Given information:
--- START ---

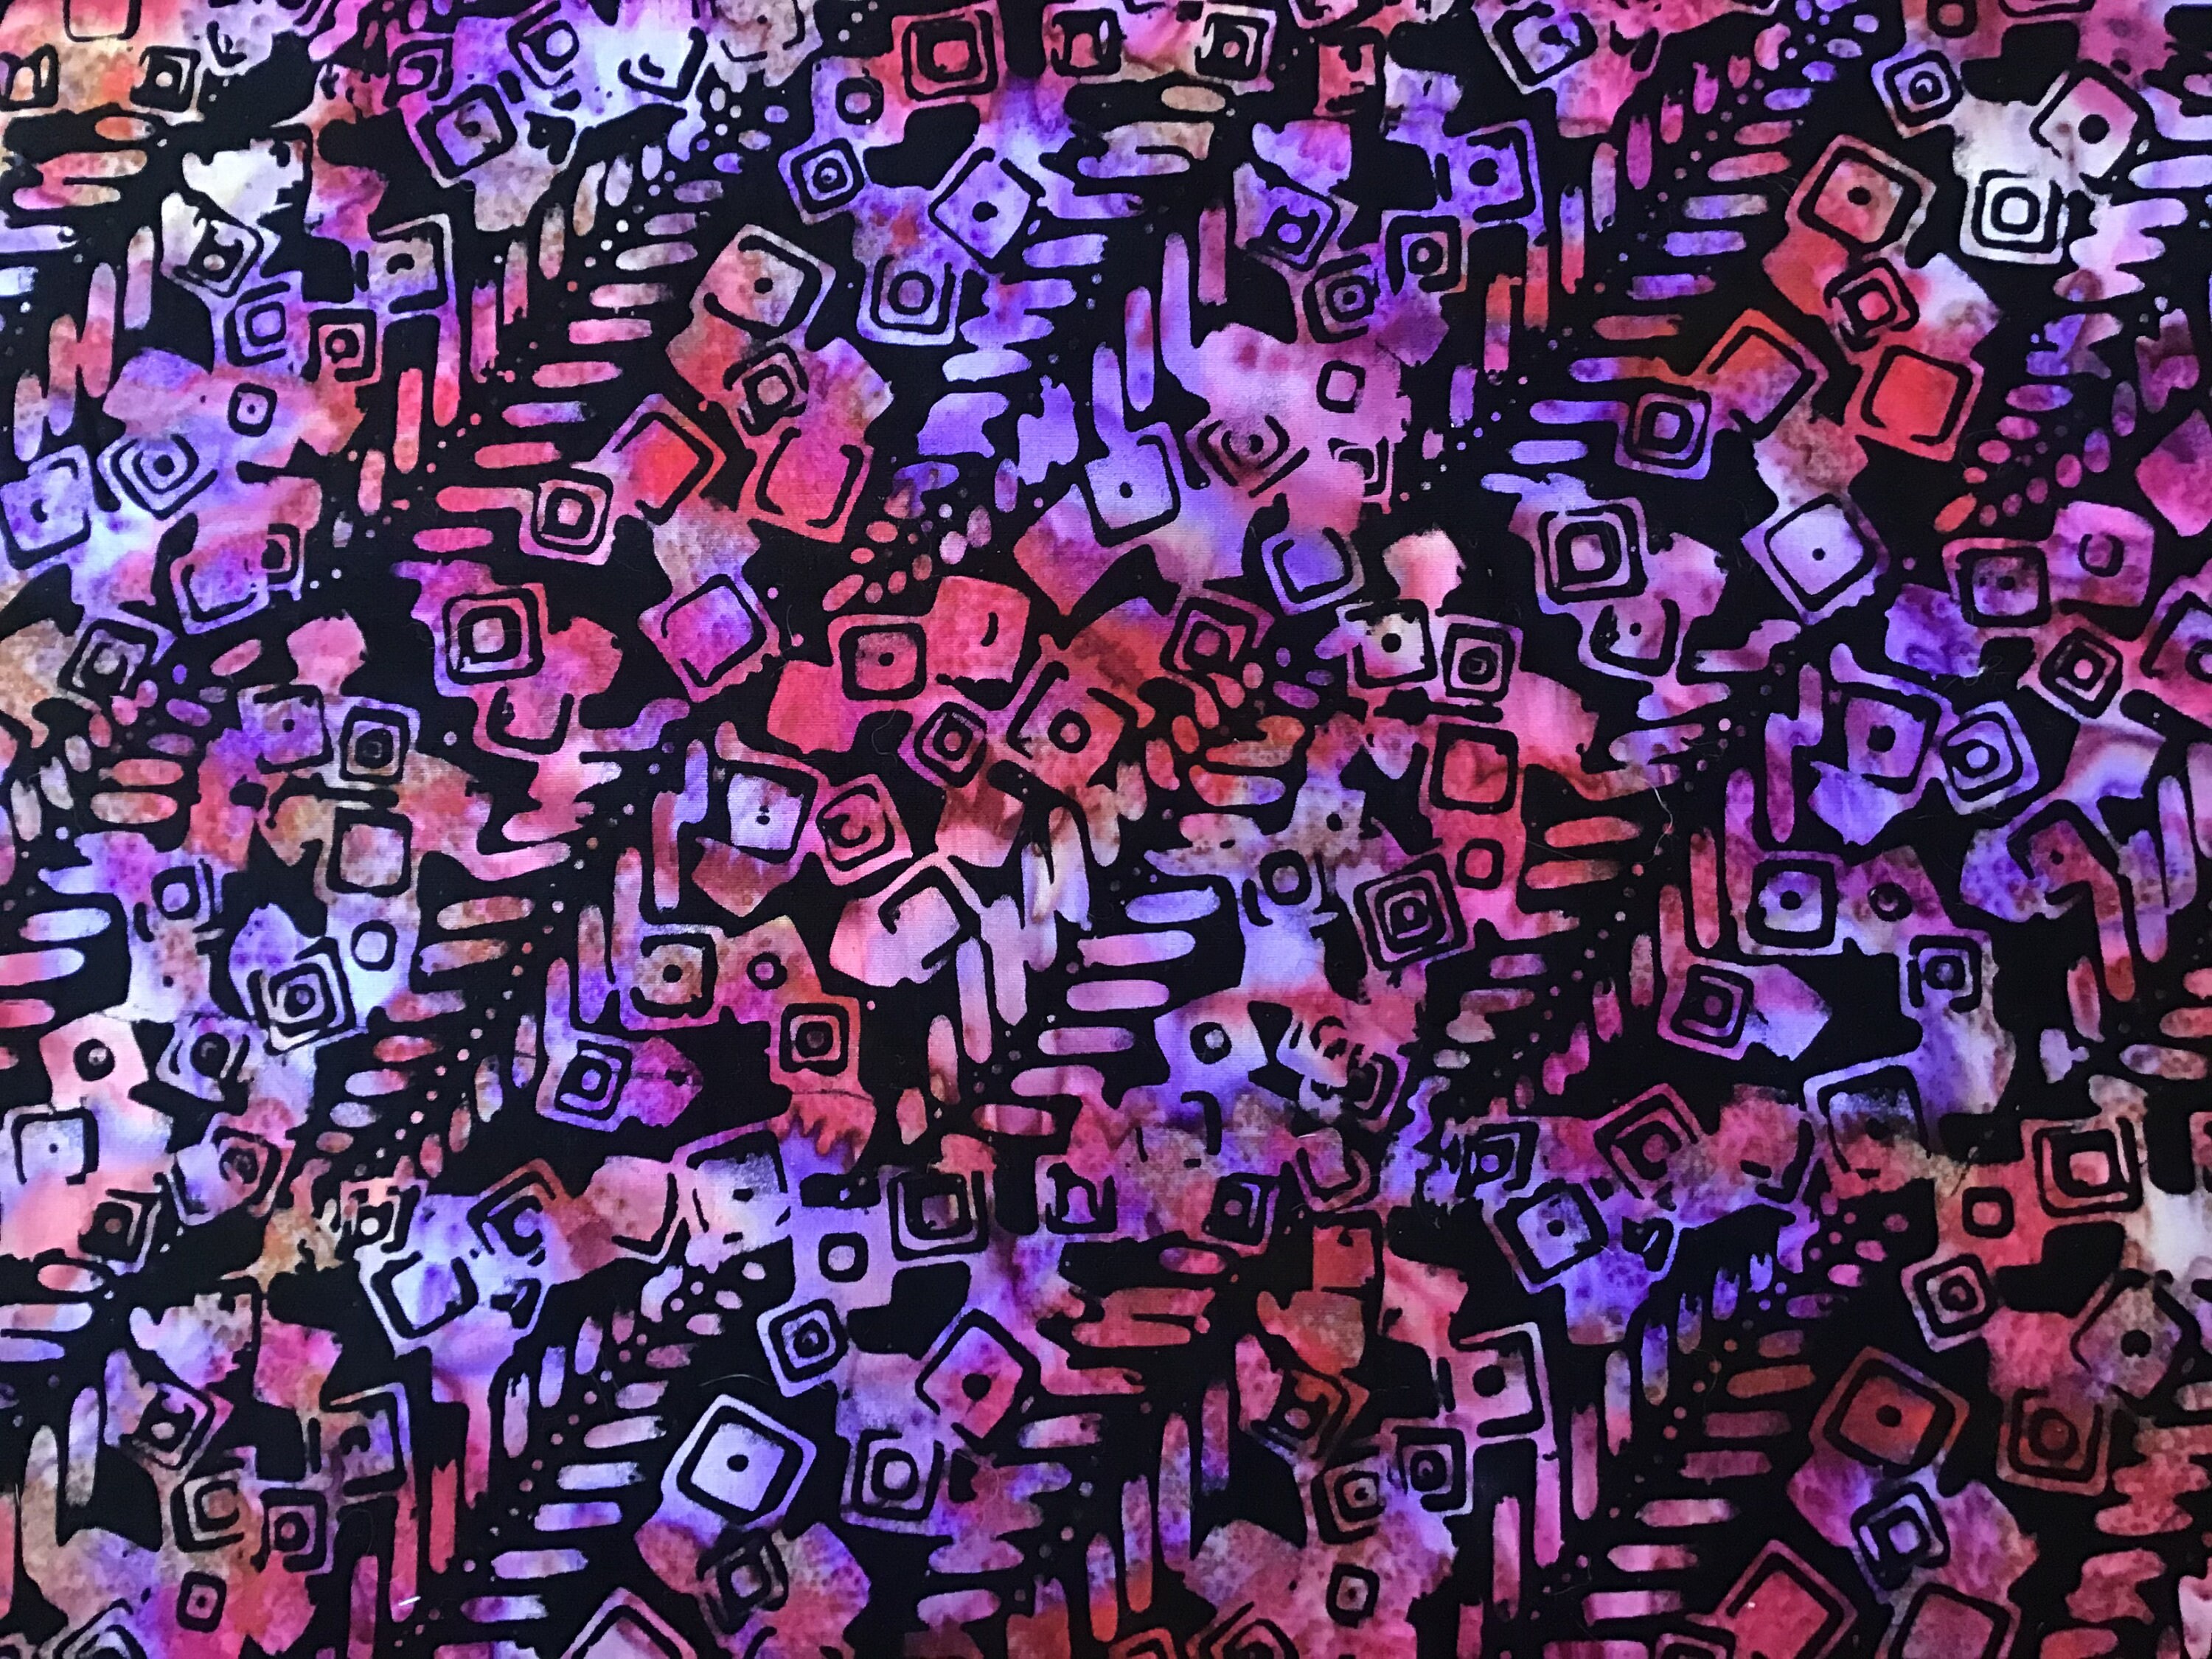 Colorful Batik Cotton Fabric 1/2 yard Purples Pinks & Black | Etsy
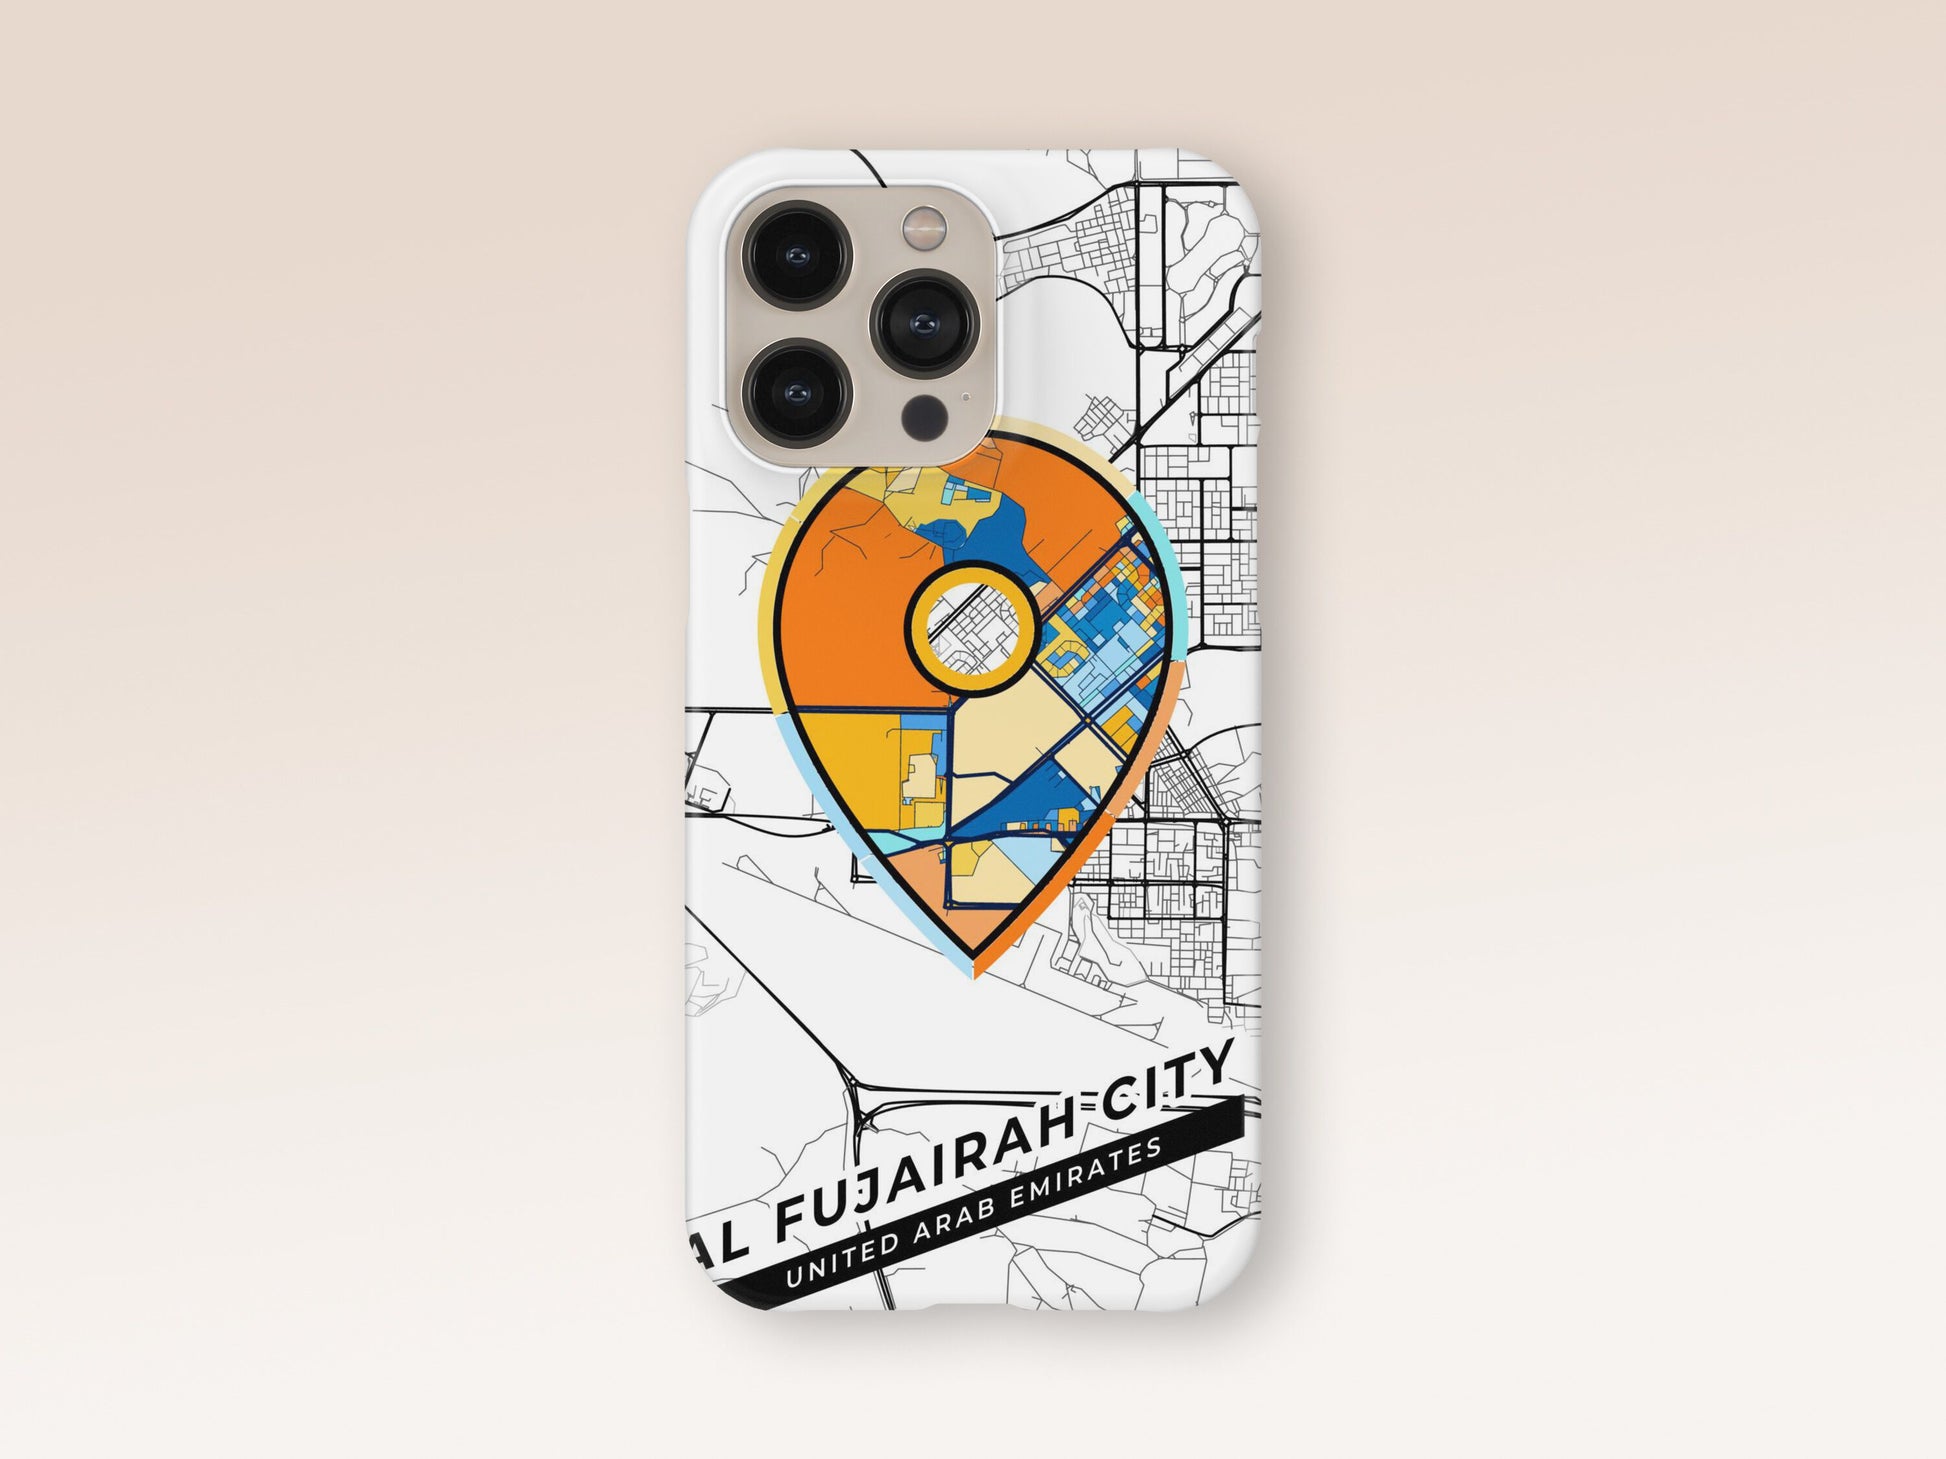 Al Fujairah City United Arab Emirates slim phone case with colorful icon. Birthday, wedding or housewarming gift. Couple match cases. 1
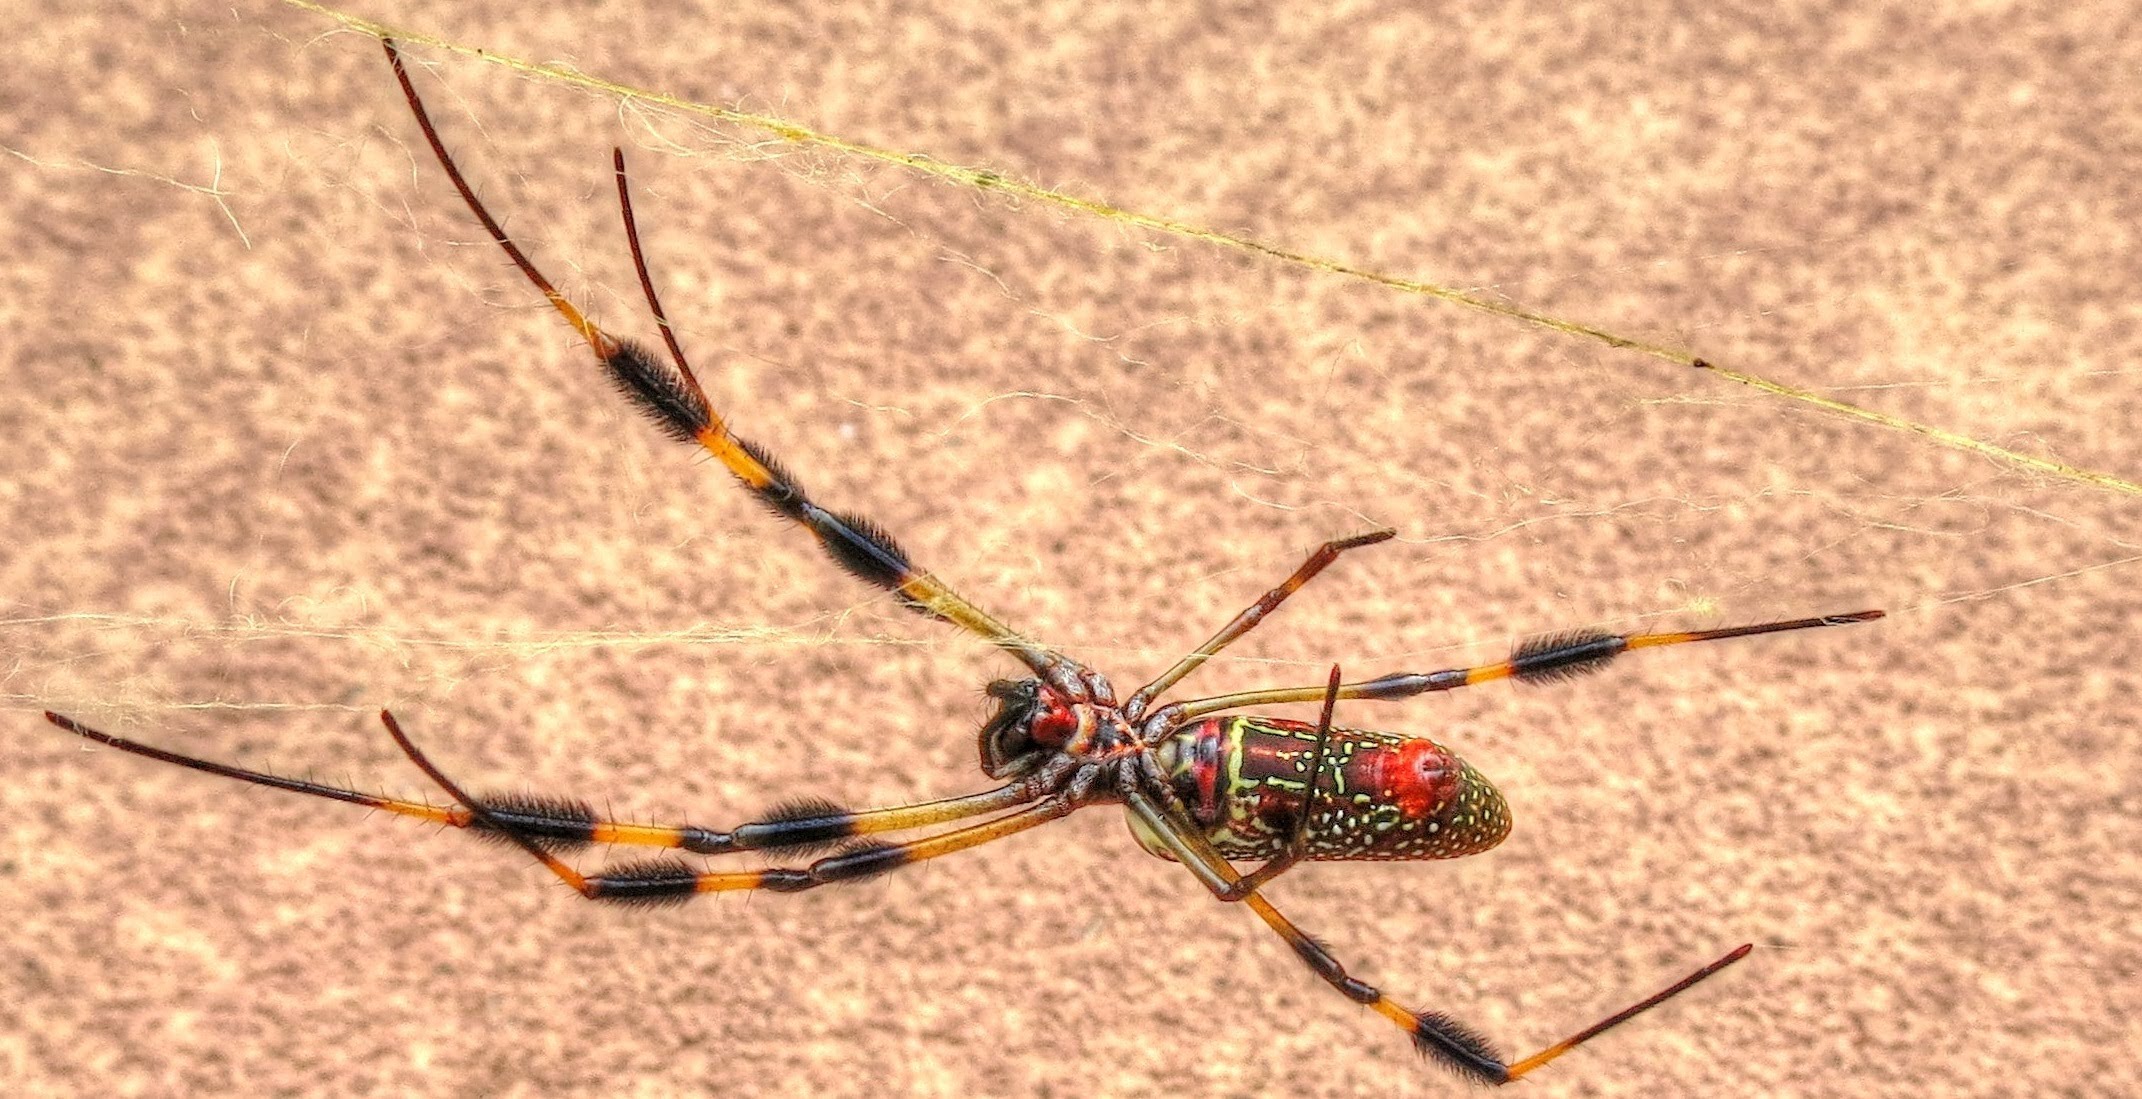 Golden Silk Orb Weaver Spider Web Strength Test (Part II) - YouTube

--- END ---

Activity:
Leave the pictures aside. Set down exactly the lines from the one with "Al Fujairah City" through the final line of the listing above.

Expected answer:
 Al Fujairah City United Arab Emirates slim phone case with colorful icon. Birthday, wedding or housewarming gift. Couple match cases. 1
 Golden Silk Orb Weaver Spider Web Strength Test (Part II) - YouTube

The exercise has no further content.